Background information
- Born: Philip Francis Lewis 9 January 1957 (age 69) London, England
- Genres: Glam metal; hard rock;
- Occupations: Singer; musician; songwriter;
- Instruments: Vocals; guitar;
- Years active: 1978–present
- Member of: L.A. Guns
- Formerly of: New Torpedos; Tormé; Girl; Liberators; Filthy Lucre;

= Phil Lewis (musician) =

British singer

Philip Francis Lewis (born 9 January 1957) is an English musician who has lived and worked in the U.S. since the 1980s. He is best known as the lead vocalist and occasional rhythm guitarist for the American glam metal band L.A. Guns.

==Early life==
Philip Francis Lewis was born in London on 9 January 1957. He was privately educated at Royal Russell School in Surrey.

== Early work ==
Lewis started the band Girl with guitarist Gerry Laffy in 1978. They put an advertisement in Melody Maker for a "peroxide guitar hero," and Phil Collen (current guitarist of Def Leppard) answered.
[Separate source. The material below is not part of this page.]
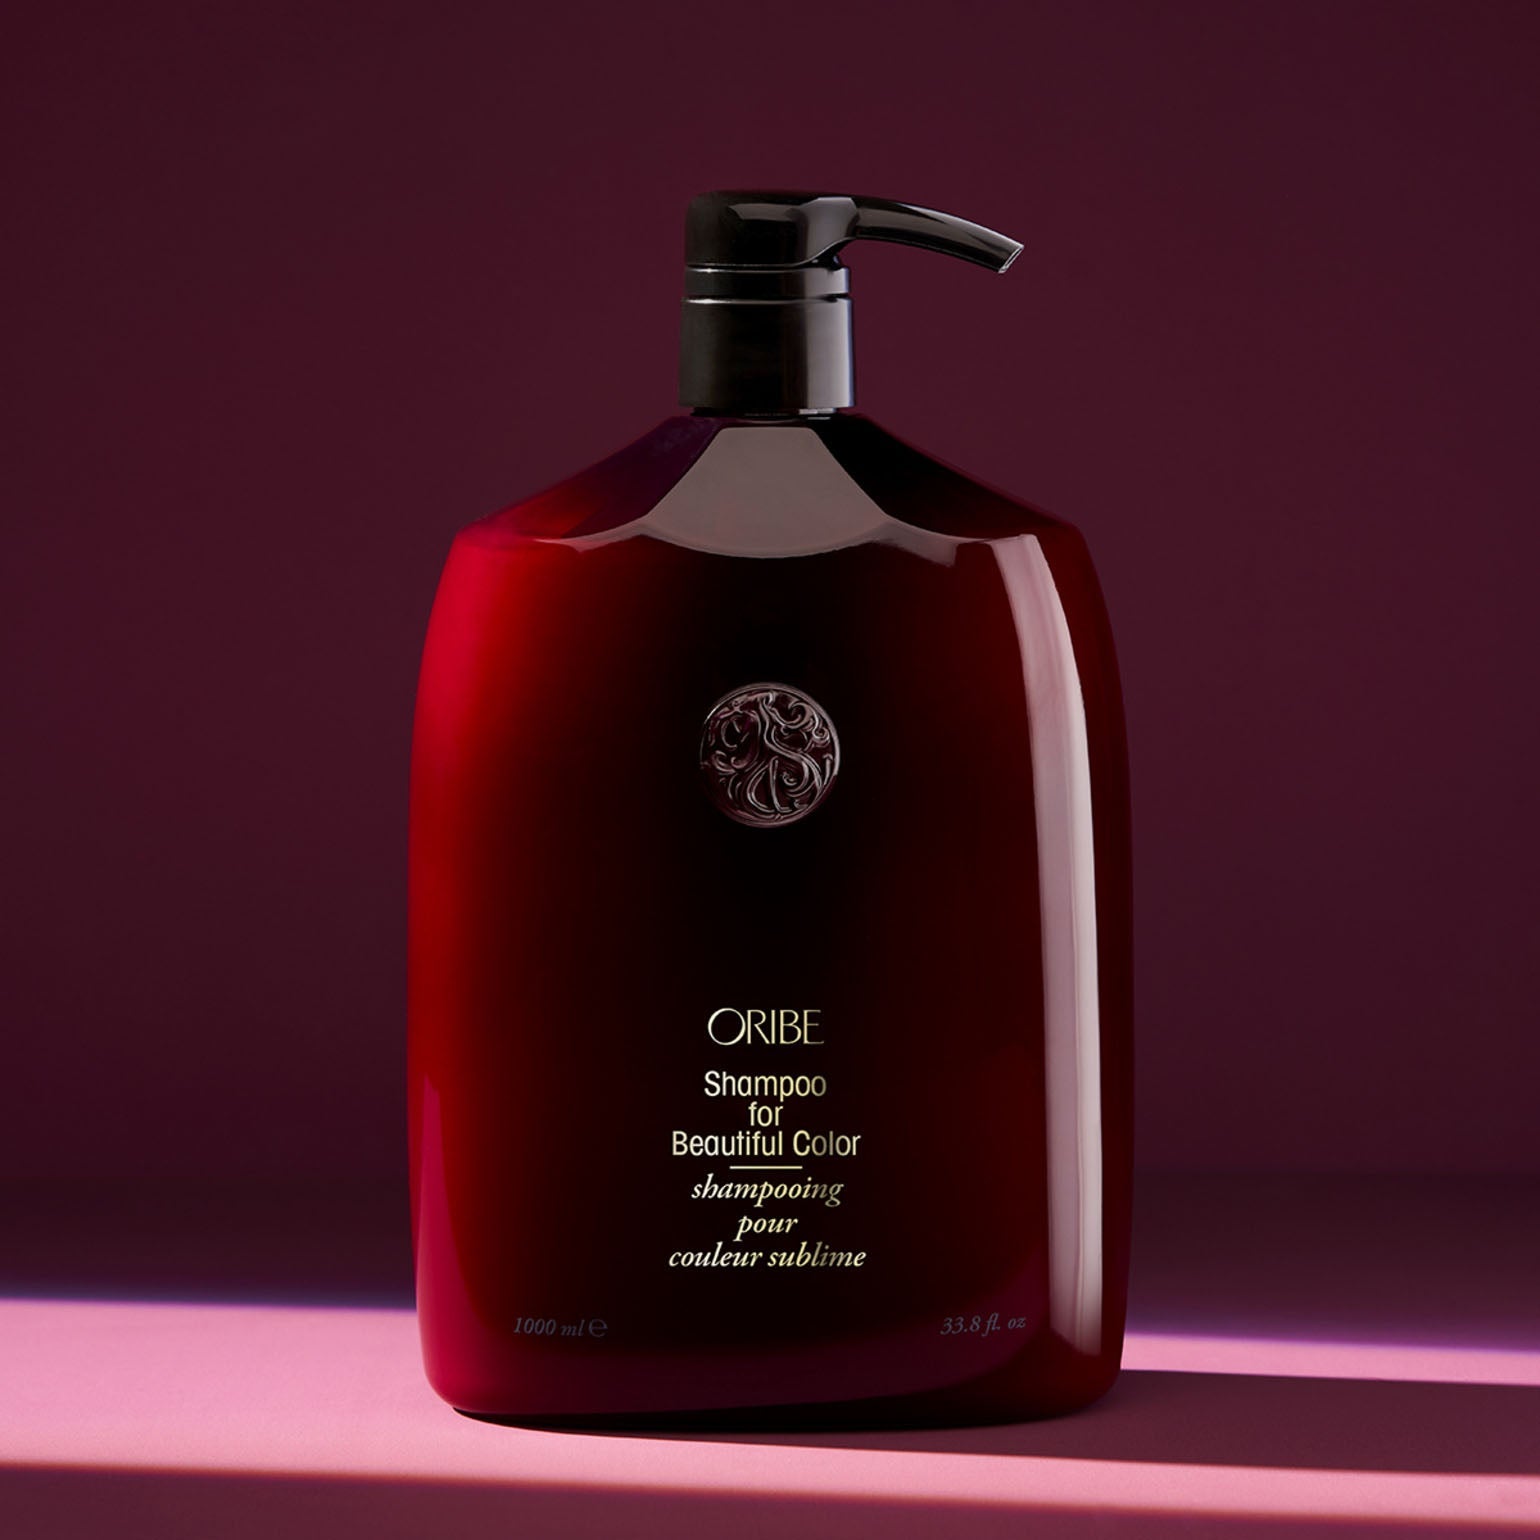 Oribe. Shampoing pour Couleur Sublime - 1000 ml - Concept C. Shop

They were soon joined by drummer Dave Gaynor and bassist Mark Megary. Megary was replaced shortly thereafter by Laffy's brother, Simon Laffy. They signed a record deal with Don Arden's label, Jet Records in 1979 and released their first album, Sheer Greed, in 1980. Lewis' then-girlfriend, Britt Ekland, was instrumental in helping Girl land their record deal. Later band members included Pete Barnacle, Bryson Graham, and Pete Bonas. They released their second album, Wasted Youth in 1982. Phil Collen left the band in 1982 to join Def Leppard, and the band broke up shortly thereafter. Their third and final album, Killing Time, was released in 1997. It consisted of leftover material from the first two albums as well as tracks that were written for an album that never materialized.

Lewis later joined forces with guitarist Rudy Rivera, bassist Dave Birch, and drummer Paul Edwards to start the band New Torpedos. They released a demo tape.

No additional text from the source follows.